At a median follow-up of 29.3 months (95% CI, 28.5-30.2), patients with mRCC who underwent nephrectomy and immune-targeted therapy (n = 97) achieved a median PFS of 14.4 months (95% CI, 12.6-16.2) compared with 10.8 months (95% CI, 8.3-13.3) among patients who were treated with immunotherapy alone (n = 68; HR, 0.476; 95% CI, 0.323-0.701; P = .0002). Moreover, the 12-month PFS rates in the nephrectomy and non-nephrectomy groups were 60.8% vs 30.9%, respectively; the 18-month PFS rates were 25.8% vs 7.4%, respectively.

“The expression of immune response target factors, such as CTLA-4, B7-H1, B7-H3, B7-H4, and PD-1 on the surface of tumor cells and effector T cells can be negatively regulated by immunosuppressive factors and cells, resulting in immune escape [of tumor cells],” investigators wrote. “Therefore, primary renal tumor resection reduces the burden of immunosuppressive factors and cells, enhances the immune response.”

The multicenter, retrospective study examined patients with mRCC who received a combination of targeted and immunotherapy from May 17, 2019, to August 1, 2022, at 3 centers in China: The First Affiliated Hospital of Nanchang University, Jiangxi Cancer Hospital, and Jiangxi Provincial People’s Hospital. All patients had received targeted combination immunotherapy for a minimum of 2 cycles. In order to be included in the study, patients had to be at least 18 years of age with a pathologic diagnosis of metastatic RCC, have a life expectancy greater than 1 month, and an ECOG performance status of 2 or less.

Investigators screened a total of 207 patients, of which 42 were excluded. Patients were excluded due to double primary tumors (n = 6), renal pelvic carcinoma (n = 8), poor performance status (n = 7), renal soft tissue tumors (n = 8), and incomplete medical records (n = 13). Patients in the nephrectomy group were subdivided into those who received radical nephrectomy (n = 58) or cytoreductive nephrectomy (n = 39).

The primary end point was PFS. Secondary end points included objective response rate (ORR) and adverse effects (AEs).

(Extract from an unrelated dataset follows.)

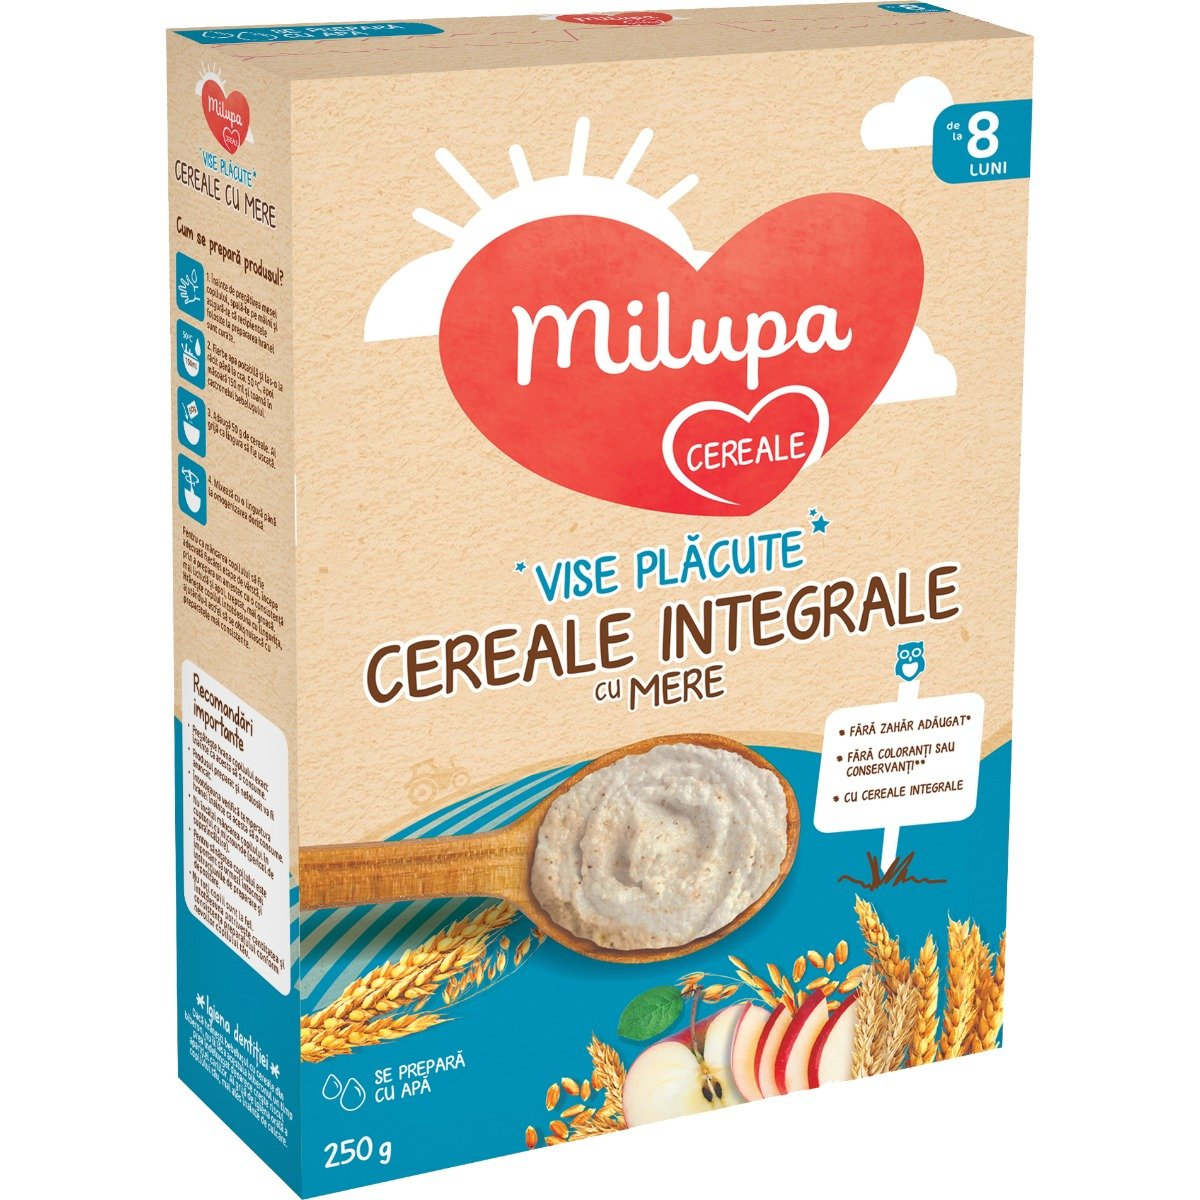 Cereale integrale cu mere Milupa, Vise placute, 250 g imagine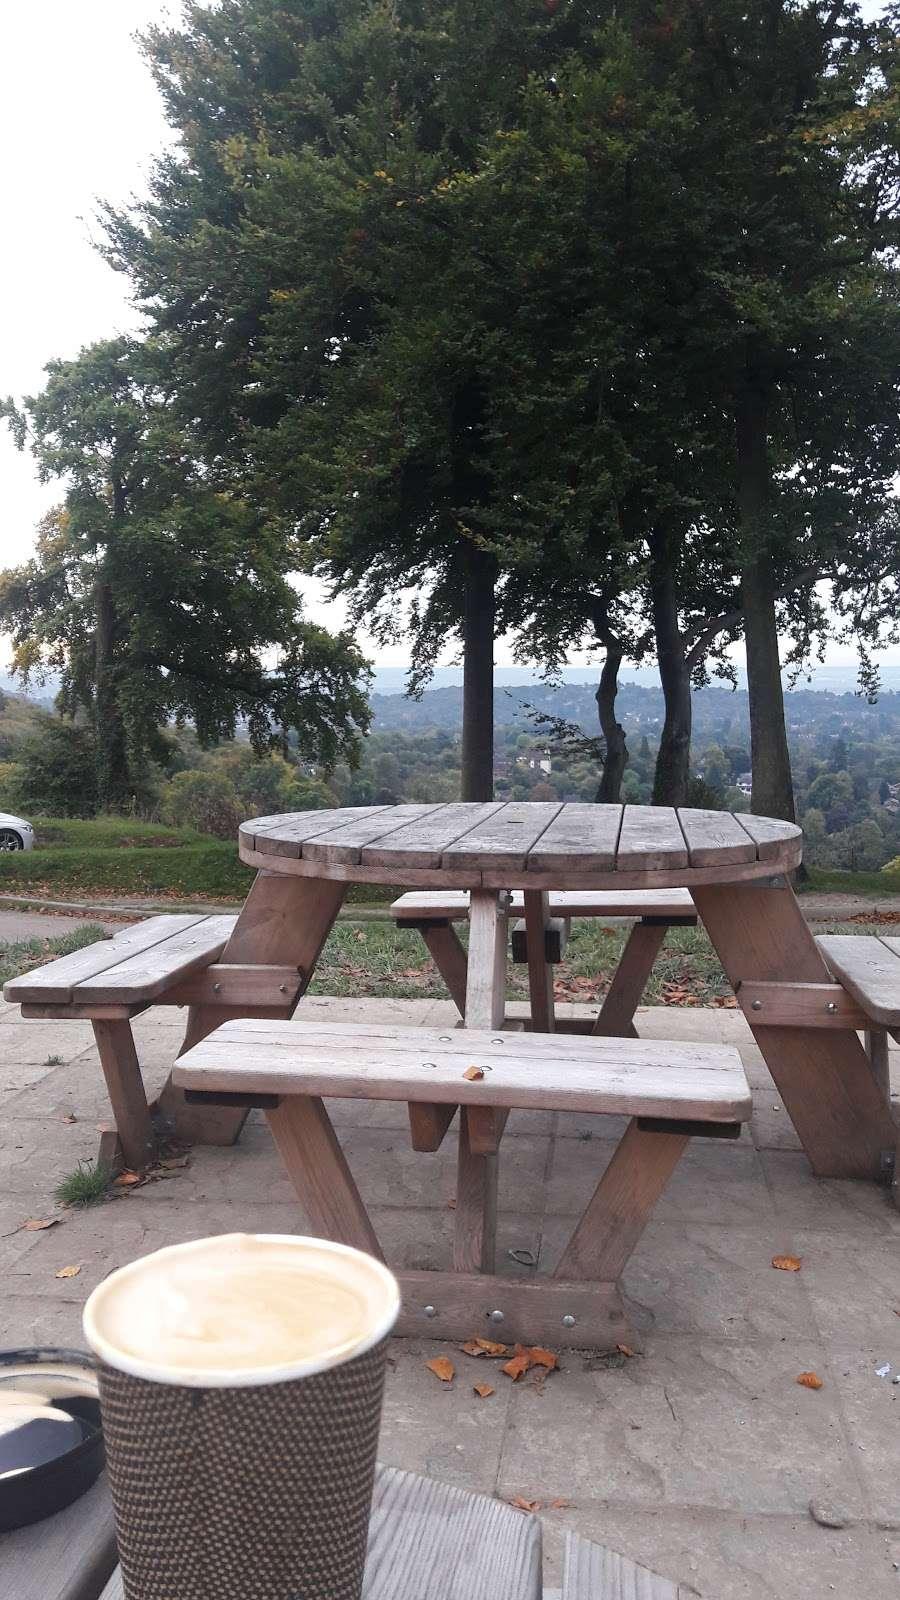 Reigate Hill Tea Room - cafe  | Photo 5 of 10 | Address: Car Park, Reigate Hill Park, Wray Ln, Reigate RH2 0HX, UK

The baseline patient characteristics were well balanced between the nephrectomy and non-nephrectomy groups; the median age was 59 years (range, 26-84) vs 59 years (range, 19-86), respectively. Most patients in both groups were men (71.1% vs 67.6%), had an ECOG performance status of 1 (88.7% vs 80.9%), had clear cell carcinoma (83.5% vs 82.4%), and had a moderate risk International mRCC Database Consortium (IMDC) grade (62.9% vs 69.1%).

In the nephrectomy and non-nephrectomy arm, patients were on their first (55.7% vs 63.2%, respectively), second (29.9% vs 22.1%), third (11.3% vs 11.8%), or at least fourth (3.1% vs 2.9%) line of immune-targeted therapy. In terms of specific targeted agents, patients received axitinib (Inlyta; 45.4% vs 44.1%), lenvatinib (Lenvima; 6.2% vs 16.2%), anlotinib (AL3818; 10.3% vs 11.8%), or other drugs (38.1% vs 27.9%).

Additional findings from the study demonstrated that most patients in the nephrectomy (82.5%) and non-nephrectomy (82.4%) groups experienced progressive disease (PD). Patients died at a rate of 44.3% vs 50% respectively, conferring an overall survival (OS) maturity of 46.7%; all deaths were due to PD.

Available survival data showed that the median OS in the nephrectomy group was 28.9 months (95% CI, 25.2-32.6) compared with 17.1 months (95% CI, 13.7-20.5) in the non-nephrectomy group (HR, 0.395; 95% CI, 0.235-0.664; P = .0005). The 12-month OS rates were 77.3% vs 58.8%, respectively, and the 18-month rates were 46.4% vs 20.6%, respectively.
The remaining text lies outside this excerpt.